Take the current conflict in Ukraine, described by some people as a conflict over water: Russia intervened, they say, to ensure Crimea would get water that Ukraine has been holding back since 2014. But alleged causes of the ongoing invasion also include economics, identity, history, security, and an unhinged dictator.

This does not mean that water is immaterial. Water infrastructure can be a target in war, as when Russian forces cut off Mariupol from its water supply to conquer the city. Water can also be weaponized, as both Ukrainian, and Russian forces have done by breaching dams to flood the landscape, and shift the odds in the ground fight. And, of course, localized conflicts can ignite over water when institutions collapse, as when Russian-backed separatists took over parts of the Donbass region in 2014, cutting in half the Soviet-era integrated water system that served it. History is littered with examples of times when water, or the infrastructure designed to manage it, played some role in war. But that is not the same as being the cause of an international war. Attributing wars to water scarcity implies that material conditions inevitably determine armed conflict, when in fact military aggression is almost always a matter of choice.

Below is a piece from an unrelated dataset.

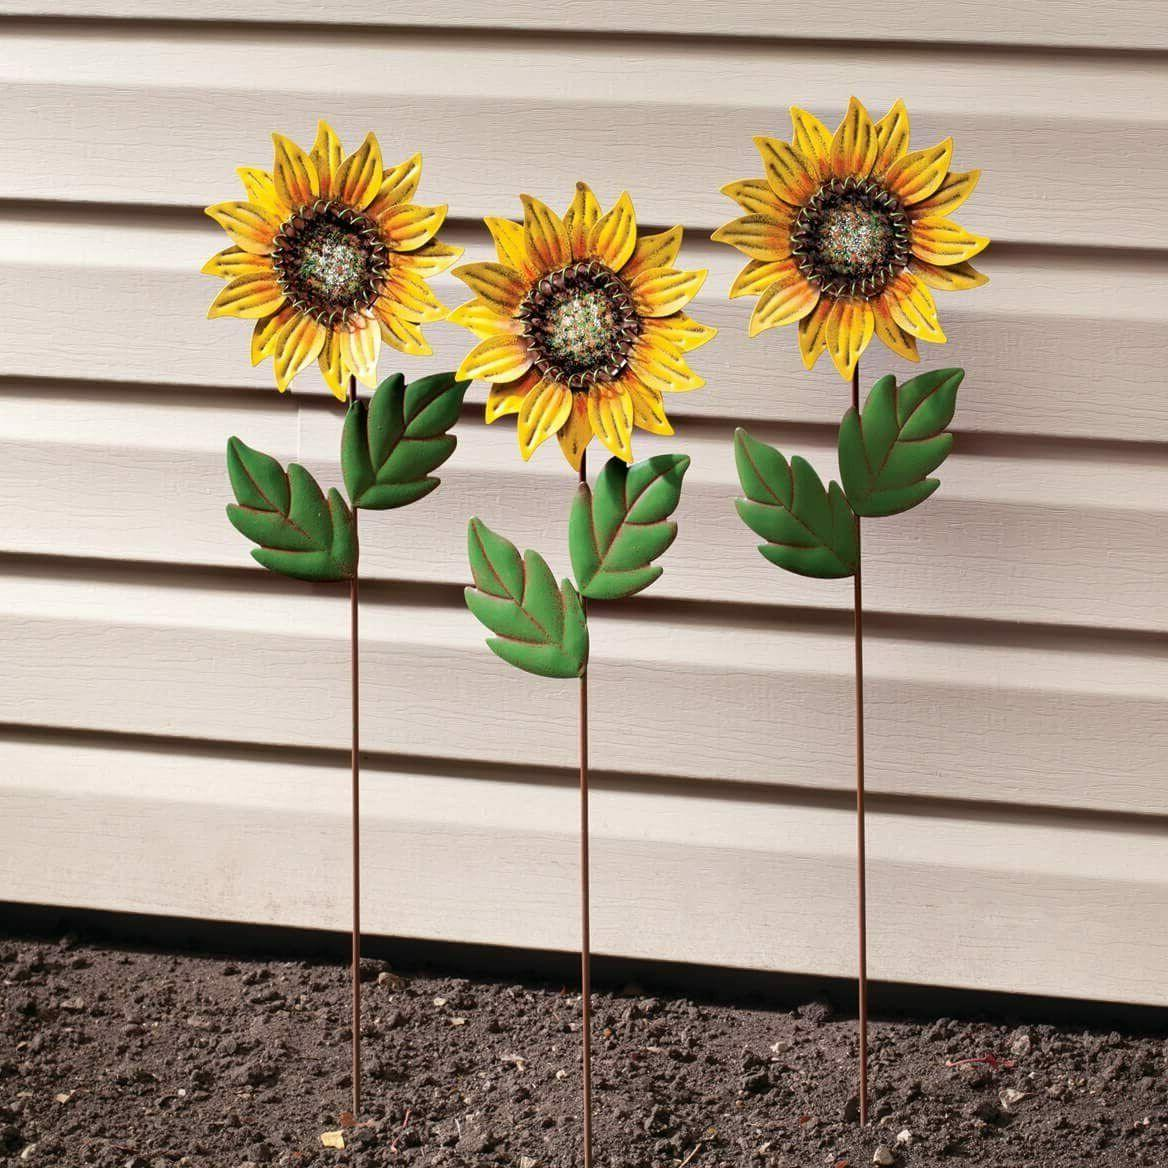 Set of 3 Metal Sunflower Yard Art Outdoor Garden Decor Plant

Blaming war on water absolves politicians of their responsibility, and deprives people of their agency, undermining efforts to resolve the very conflicts water is supposedly driving. There are 310 river basins straddling national boundaries, covering nearly half of the earth's land surface and home to half of humanity. Many of those rivers are under stress today. Focusing on them as possible theaters of war—as the "water wars" story would have it—diverts us from seeing them for what they could be: 310 instruments of peace. In fact, cooperation rather than conflict is the most common response to a difficult water situation.

In the face of climate change, and deteriorating water security, the real challenge is not war, but successful cooperation.